Puedo notar que a mi papá le ha atormentado la idea de una soledad que aparece recurrente
entre sus anhelos y que parece crecer con los días y con su música misma. Don Leonardo no
sabe qué decirle y, ni siquiera puedo percibir que se percate de mi presencia, mientras ambos
escuchamos al viejo (no tan viejo) desprender las palabritas como si fueran el agua caliente
con alcohol que pone una madre a la herida de su hijo predilecto, con un pedazo de tela tan
suave como intenso es el amor que le dispensa mediante el cuidado.

- ¿Sabes que me he doblado extrañándolas, Leo?


- No sé de quién es que hablas. No conozco a quiénes puedas extrañar con tu corazón
vagamente incontenible, salvo por aquella excepción de la vez esa, y por esa otra
situación que también me perjudica, pero ha pasado tanto tiempo, viejo…
- Me refiero a nuestras vidas de antes, en que ellas…
- Creo que te comprendo. Fueron días difíciles; ambos lo sabemos bien.
- Hoy Horacio estaría a unos cuantos meses de rondar por los veinte.
- El doble de esos tendría hoy Azucena, mi amigo.
- El tiempo y su putísima afinidad con la muerte. ¿Vas a querer más azúcar?
- Mejor, ¿quisieras decirme si desististe de esa tonta idea de dejarte papelitos por la
casa como si fueras Horacio?
- Déjame lejos de tus preguntas esta vez. Bastante lo hemos hablado ya. ¿Tendrás otro
cigarrillo?
- Quedan dos.
- Espérame, que no es justo con las mil formas del humo, ni con nuestros corazones,
que suene esa basura horrible mientras le damos fin al paquete.
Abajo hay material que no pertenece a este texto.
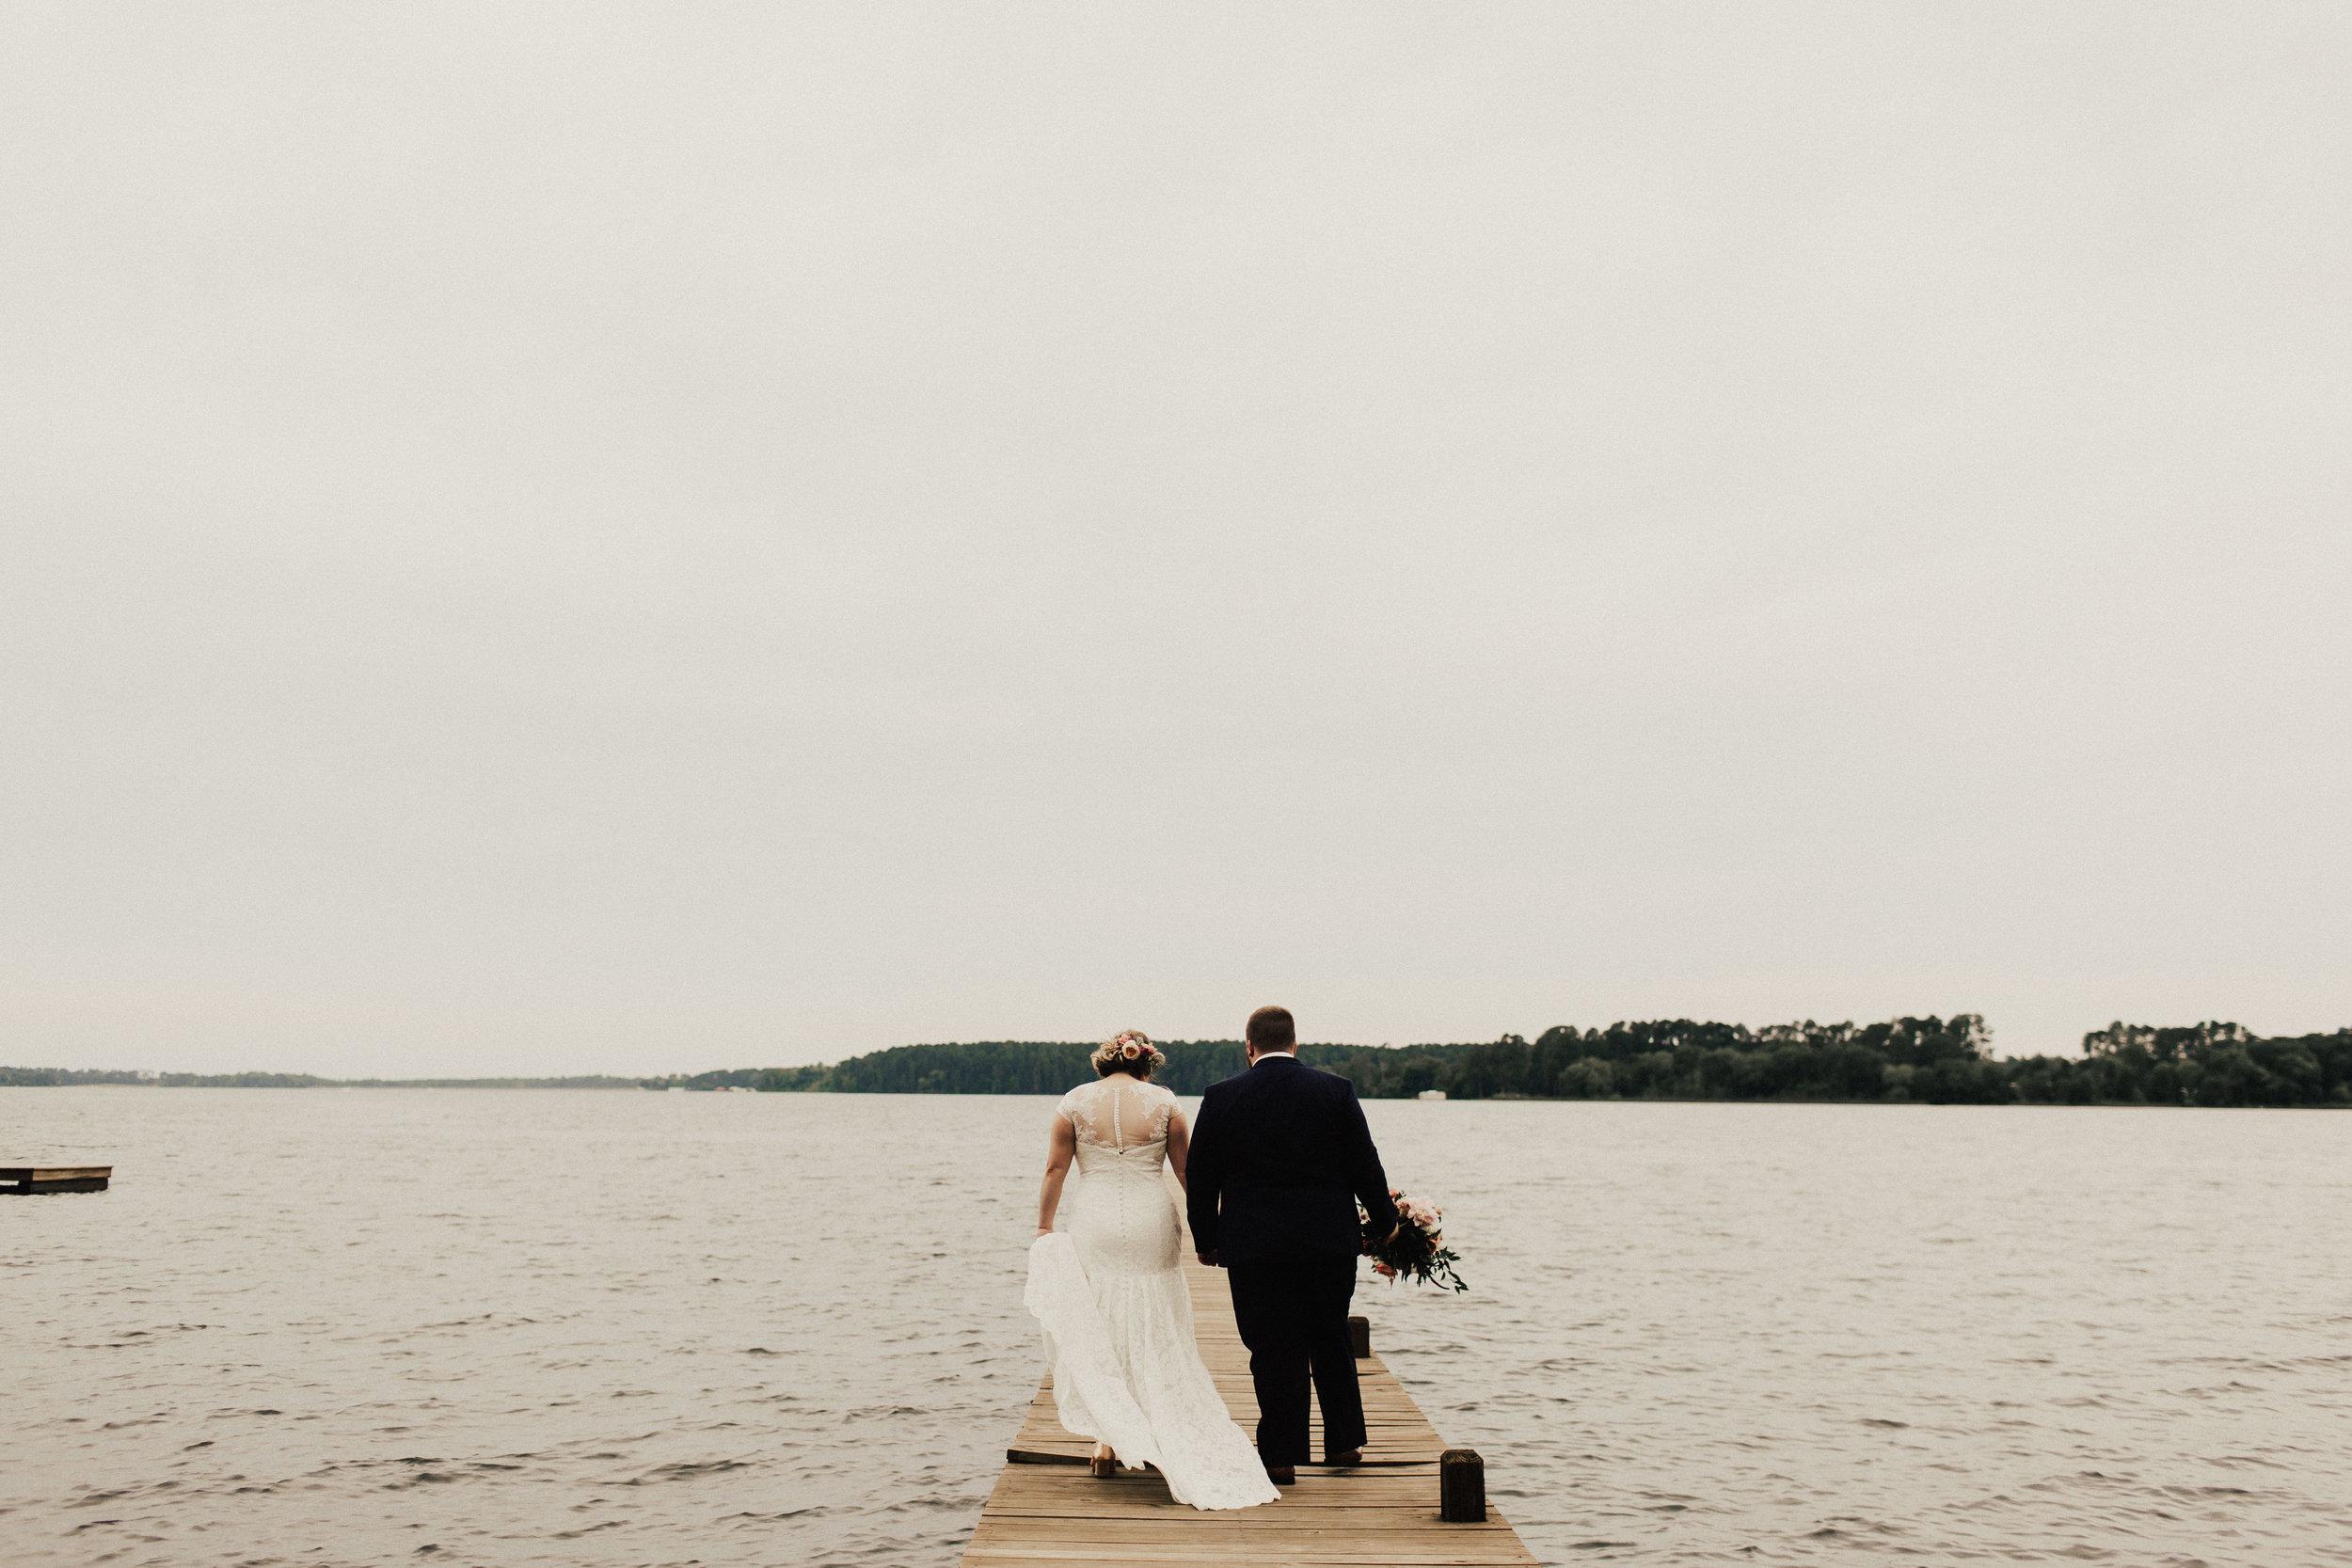 caitlin-jackson-wedding-photographer-lake-tyler-petroleum-club-texas--548.jpg
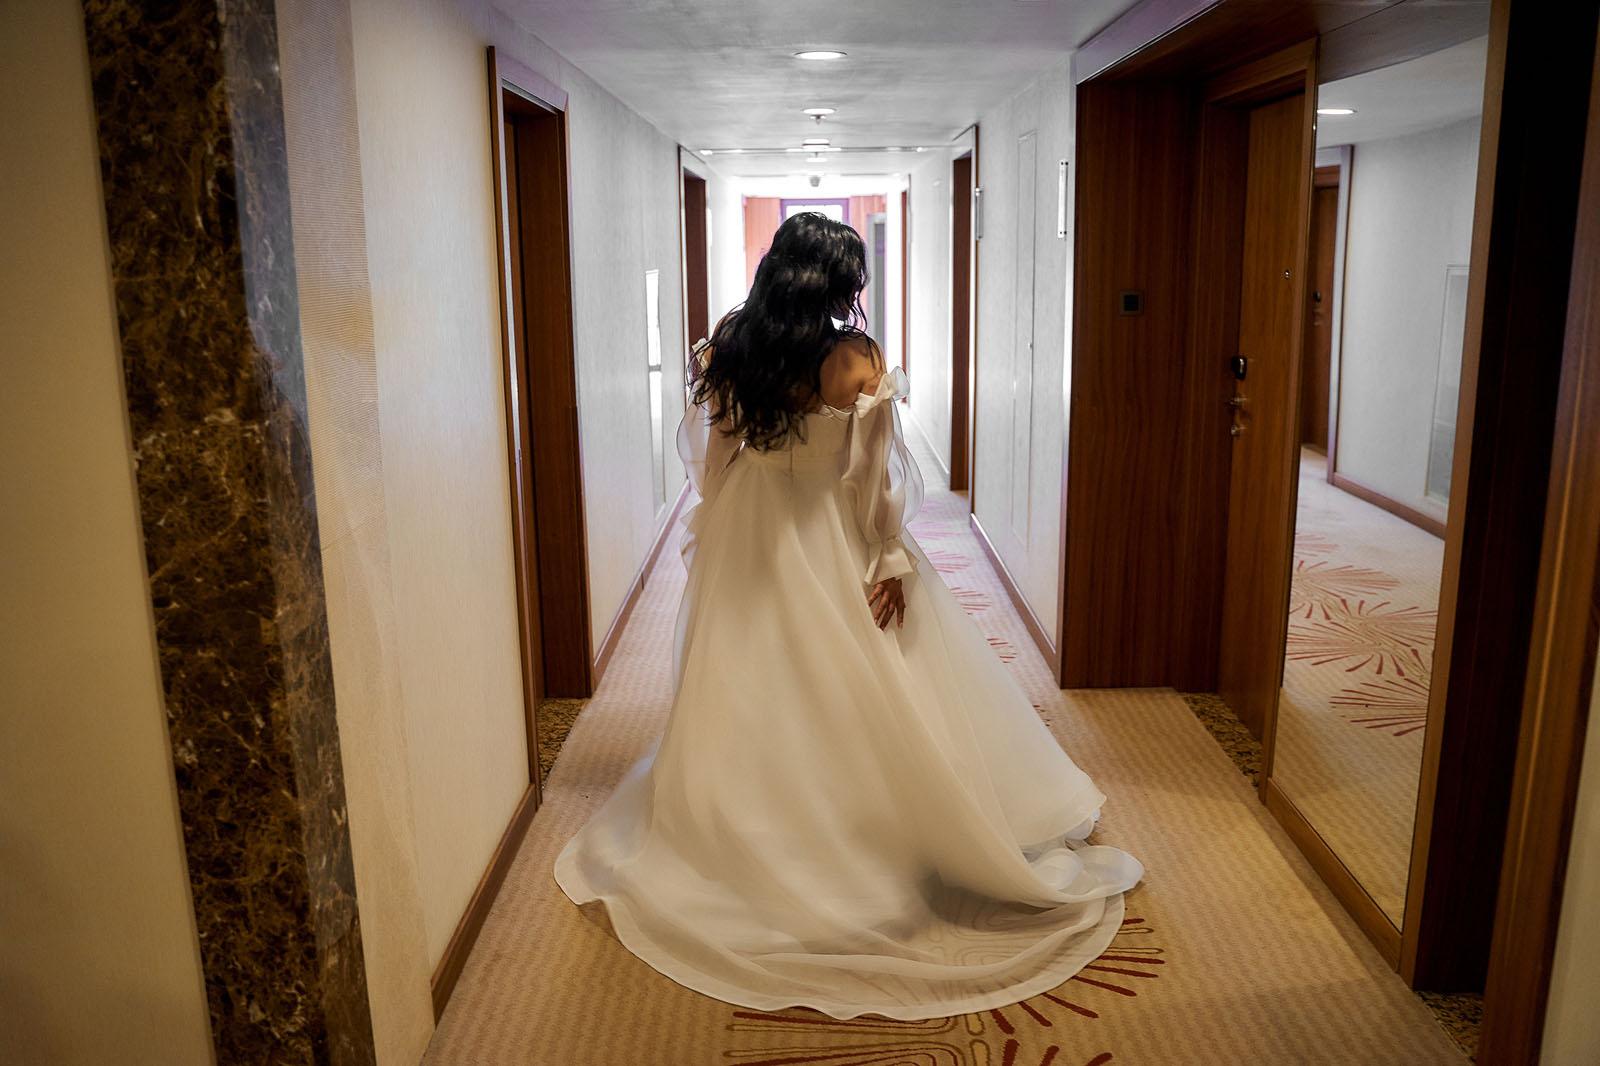 wedding@bekarev2021-04-10-09-05-38.jpg

Se acercó al mesero y le dijo -pidiendo-, casi mal dichas, las palabras referentes a la canción
que tanto les gustaba a los dos, de estos rockeritos de quién sabe cuándo.

- Aquí tienes la candela. Estos me gustaron.

Con impaciencia se hablaba a sí mismo -se notaba-, y, mirando al mesero, gritó como para
los dos, para él y para Leonardo (para este último como suplicando una ayuda espectral por
liberarle de las cadenas que le habían marchitado el alma y un poco de la cordura durante los
últimos veinte años): “suéltela cuando quiera. Ya casi estoy listo”. Y Horacio volvió a sus
cabellos para no salir jamás, como jamás saldría del árbol la madre.